Menyanu, Russell & Charlton (2019) further expound more on the above standards by discussing several such standards and their anticipated importance. Among the foods containing high salt content include pizza, soups, crisps, snacks, and biscuits. Sampling the standards, the target for biscuits is 220 mg sodium (0.55g salt) and for children's main meals is 685 mg sodium (1.71g salt) per 100 mg of their food. The writers further posit that the above targets are part of the campaign started in 2003 by the F.S.A. to reduce salt intake to 6mg per day per person by 2024.

Generally, the Chinese foods have high salt content which is harmful to the bodies of the human beings. According to the Gregor (2018), the high salt content in foods leads to the existence of cardiovascular diseases. High intake of slat foods leads the risk of hypertension that endangers the life of the human being.

CONCLUSION

The research provided a better view of the quantity of salt that is found in the products processed by Chinese and UK products.

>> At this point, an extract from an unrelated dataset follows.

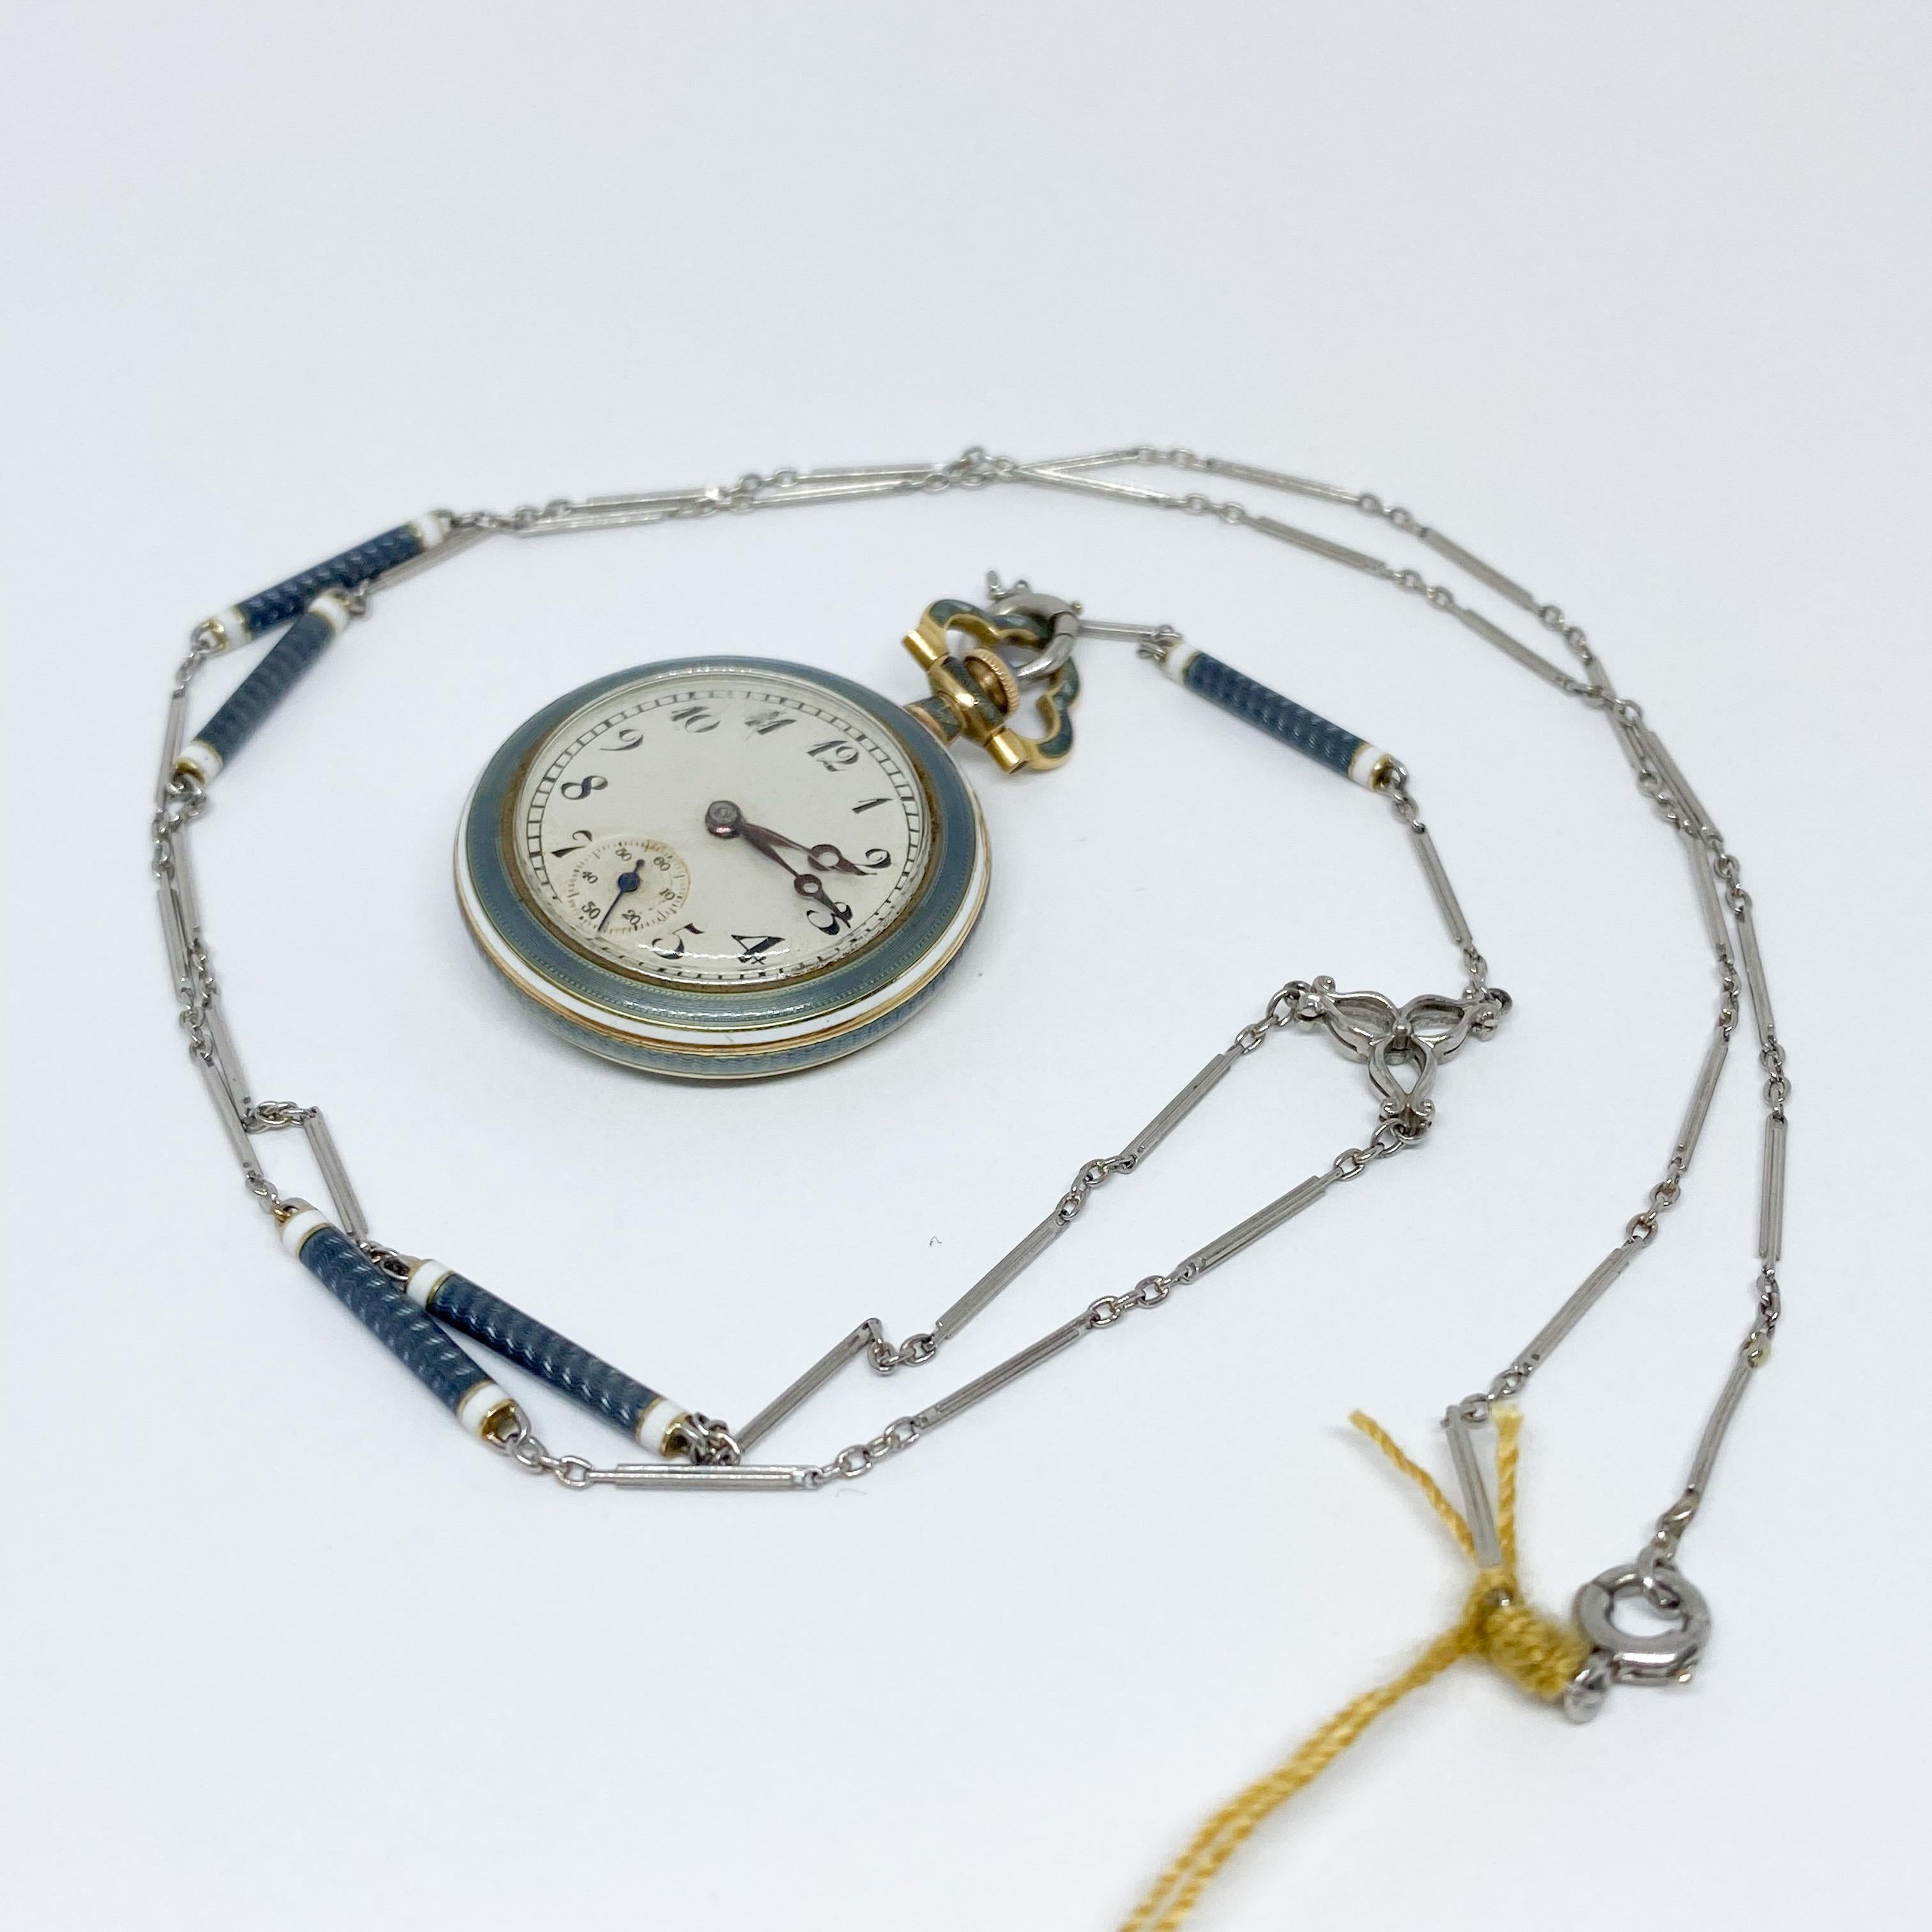 Edwardian vintage watch pendant in original condition! Designed in 14K yellow gold and Platinum with blue enamel. The necklace with chain and watch measures 21

The aim of the study is to establish the sodium content in Chinese cuisine products and determine if they are in line with the F.S.A 2024 standards. There were two objectives of the study. Firstly, the study was to systematically collect data on sodium levels in processed Chinese products. Secondly, it was to compare the sodium values against the FSA standard on salt content. The research has revealed that Chinese products have a high salt content (g/100g) than in the UK. Therefore, Chinese foods are saltier than UK foods. This research will help the Chinese companies to know the required salt content g/ 100g and adhere to the F.S.A 2024 guidelines and standards on foods’ sodium (salt) content.